Customer Conversations Need To Be A Core Part Of Your Business
Customer conversations should be the cornerstone of any business, no matter the size. In fact, these customer conversations can create the foundation of your business. And if you don’t invest in listening – customers notice.
According to Acquia, 53% of consumers feel brands fail to meet their experience standards. Forbes points out that companies with a customer experience mindset drive revenue 4-8% higher than the rest of their industries.
Whether you’re a large corporation or a small business, you can’t help but think about your customer at many points during the day. However, most companies put little to no effort into understanding the customer’s needs. As a result, they spend more time selling products and services to the customer than understanding whether anyone wants them.
A customer conversation allows you to address and respond to the specific needs and wants of the customer.
The Importance of Conversations
In the Harvard Business Review, Werner Reinartz points out the massive reward that customer conversations can represent.
“In most companies, customer intelligence — that is, the collection and analysis of customer data — is largely used for improving customer relationships. Understand your customer’s buying cycle better, and you can target your mailings and product offerings more effectively. Smart companies realize that intelligence about their customers can actually lead to a lot more than greater marketing effectiveness. It is a powerful tool for identifying innovations, especially with the opportunities for data gathering afforded by smart technologies and social media.”
Without understanding what your customers need, you are bound to miss opportunities to grow and improve. You won’t find out what people want from you by only looking at your data dashboard.
The only way to improve your customer experience is talk to your customers yourself and do it with a particular problem in mind.
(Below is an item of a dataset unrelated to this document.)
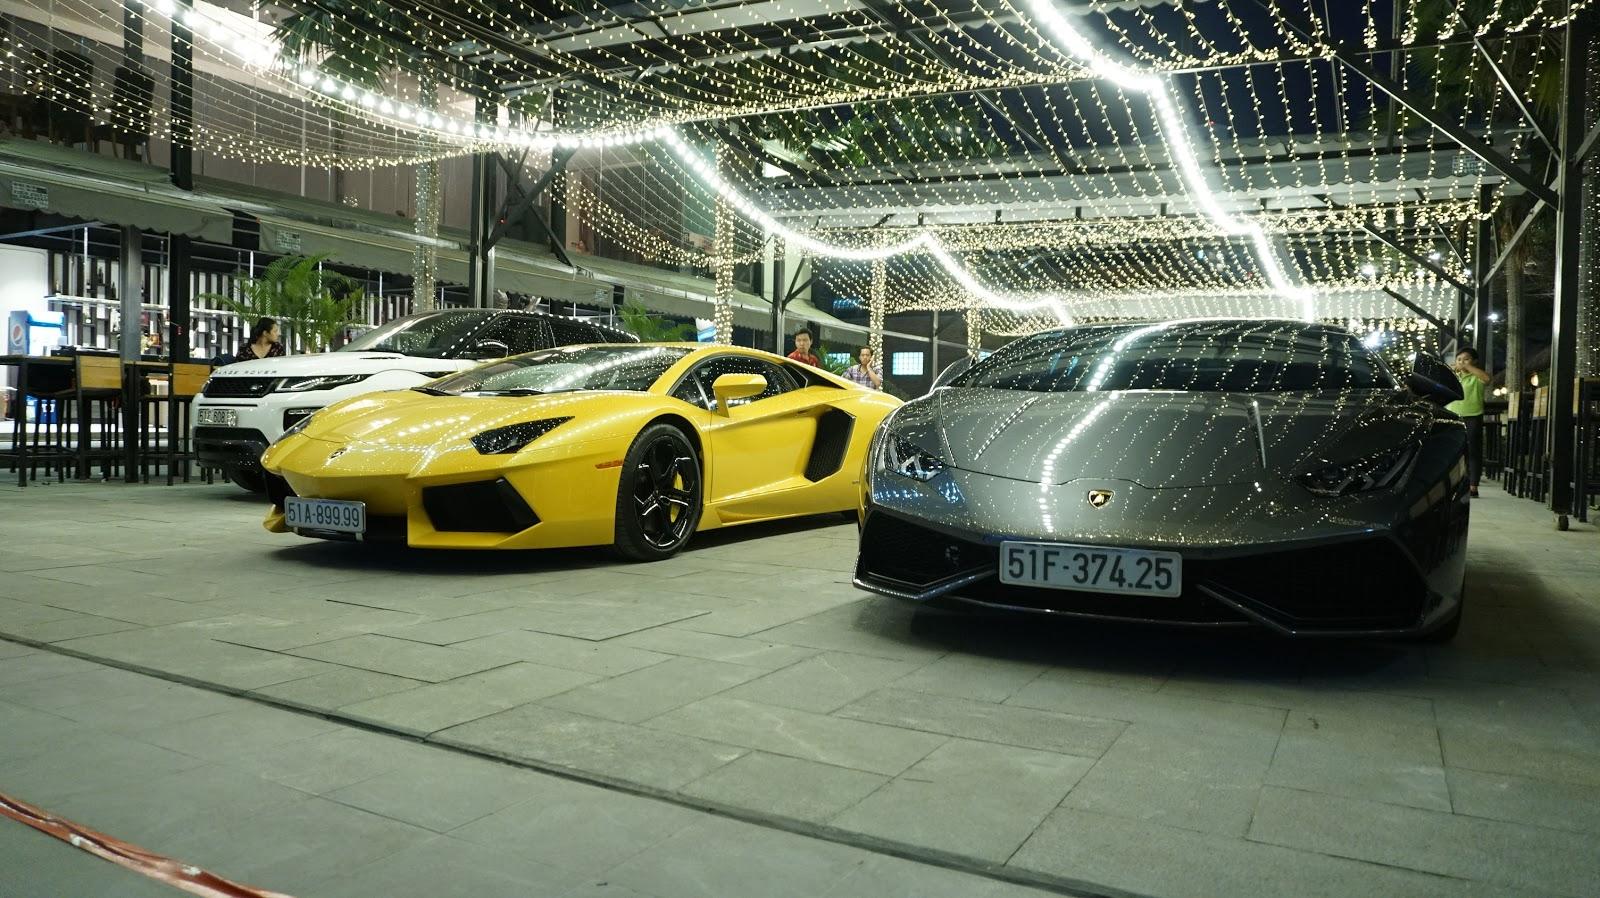 Huracan, Aventador, R8...và cả Land Rover đến chúc mừng chủ xe Lamborghini Aventador LP700-4
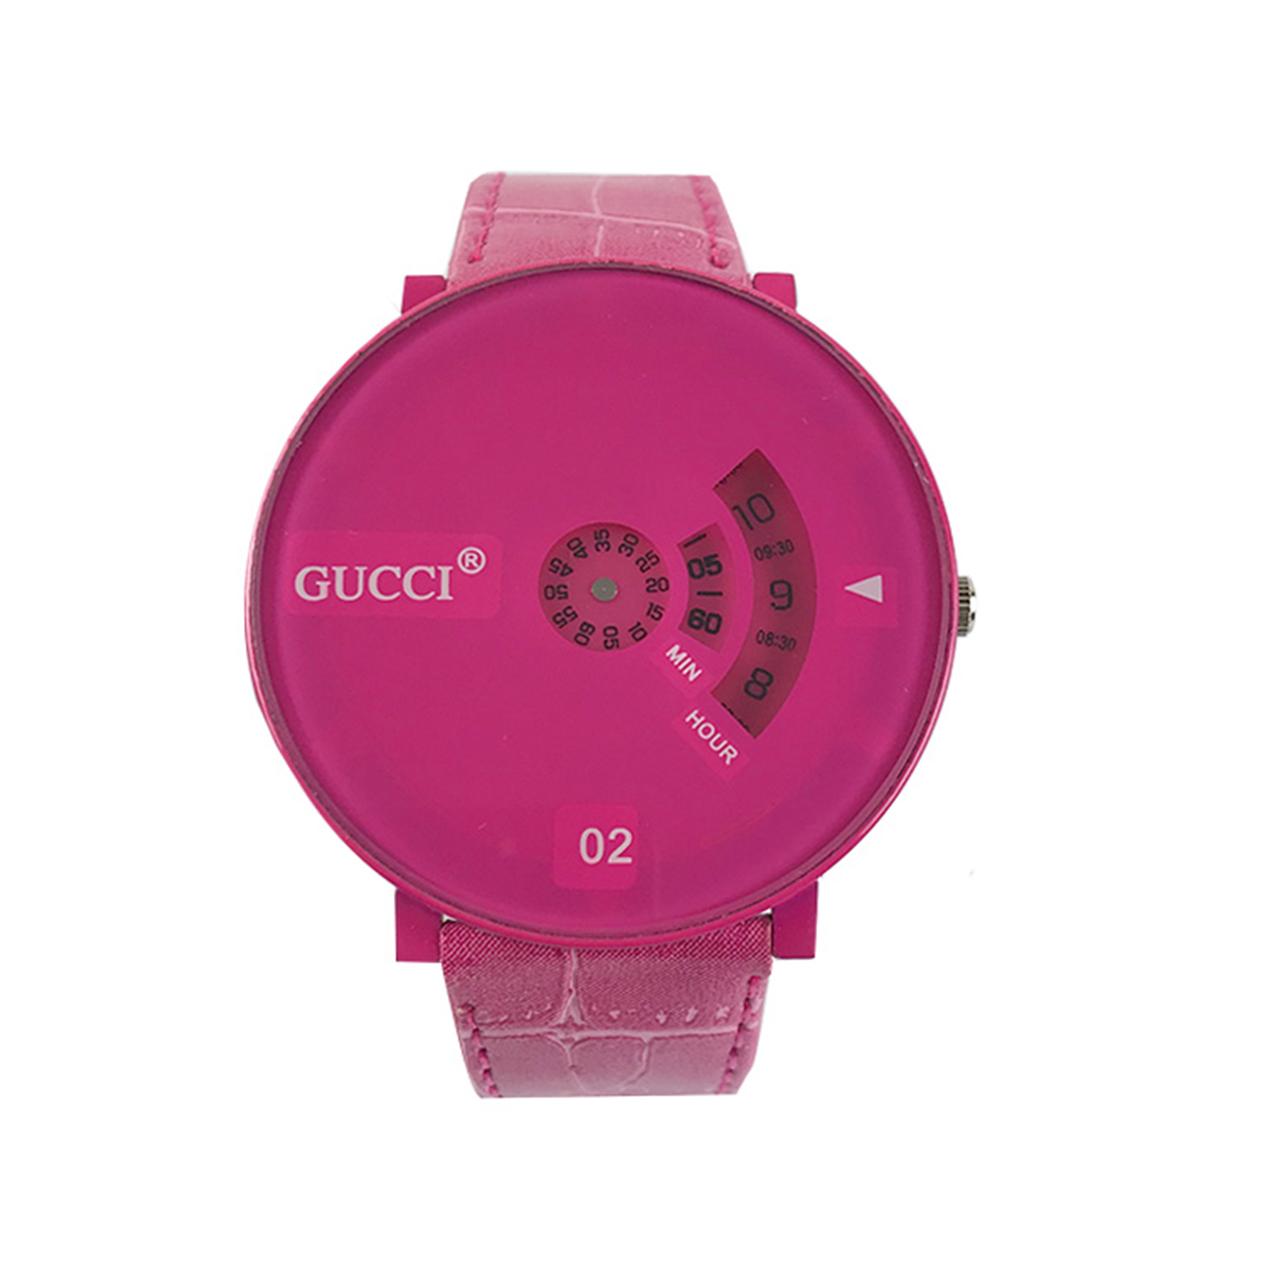 ساعت مچی دیجیتال زنانه مدل DS 4649

Data isn’t enough without context.
The major obstacle companies face is that they simply don’t know what customers really want. A complete understanding of the customer requires a rich contextual data set. In this next era, big data isn’t enough. Only context can provide the dimensions on which real customer experiences depend.
In Martin Lindstrom’s book Small Data, he tells the story of how Lego made a business-turnaround decision by getting intimate. The company was close to going bankrupt. In 2003, profits were down 30% from the previous year.
Relying heavily on big data they changed the size of the small, tiny bricks to huge building blocks because the numbers said that the rise of the fast-flippant generation would kill their time-consuming products. Profits fell another 10% in 2004.
So the company decided to go into the homes of consumers across Europe. What happened next is key to LEGO’s success story.
They met up with this young German boy and they asked him, “What are you most proud of?” The kid replied back, “This pair of sneakers.” He showed them an old, worn-down pair of sneakers. Then he told them why. He said, “Well, because it shows I’m the best skater in town. If I slide down the skateboard, I am number one, and these scruffs and marks are my evidence.”
The Lego executives realized the importance of showing off your skill and that by mastering a certain craft, children would attain “social currency” amongst their peers. After refocusing its strategies, they re-designed products to ensure their young customers could build their LEGO cred. The business rebuilt its brand to become the world’s largest toy maker.
There is proof that gathering this context drives better outcomes. According to Hot Jar CX Trends for 2019, companies with successful CX initiatives prioritise talking directly to their customers much more than their less successful counterparts.
Authentic listening is crucial.
It makes no sense to build, launch, market, and advertise if you don’t understand the customers’ needs and wants. By listening carefully, you can gather valuable insight to help improve your brand experience but also understand what new innovations to put in place. You will understand the products or services your customer needs and uncover the motivation behind those needs.
Most marketers today have forgotten the importance of being present with their consumers. But if you want to find the real opportunities and grow your brand, you need to get granular.
A focus on authenticity and a core understanding of your customers can be the difference between remaining relevant and falling behind.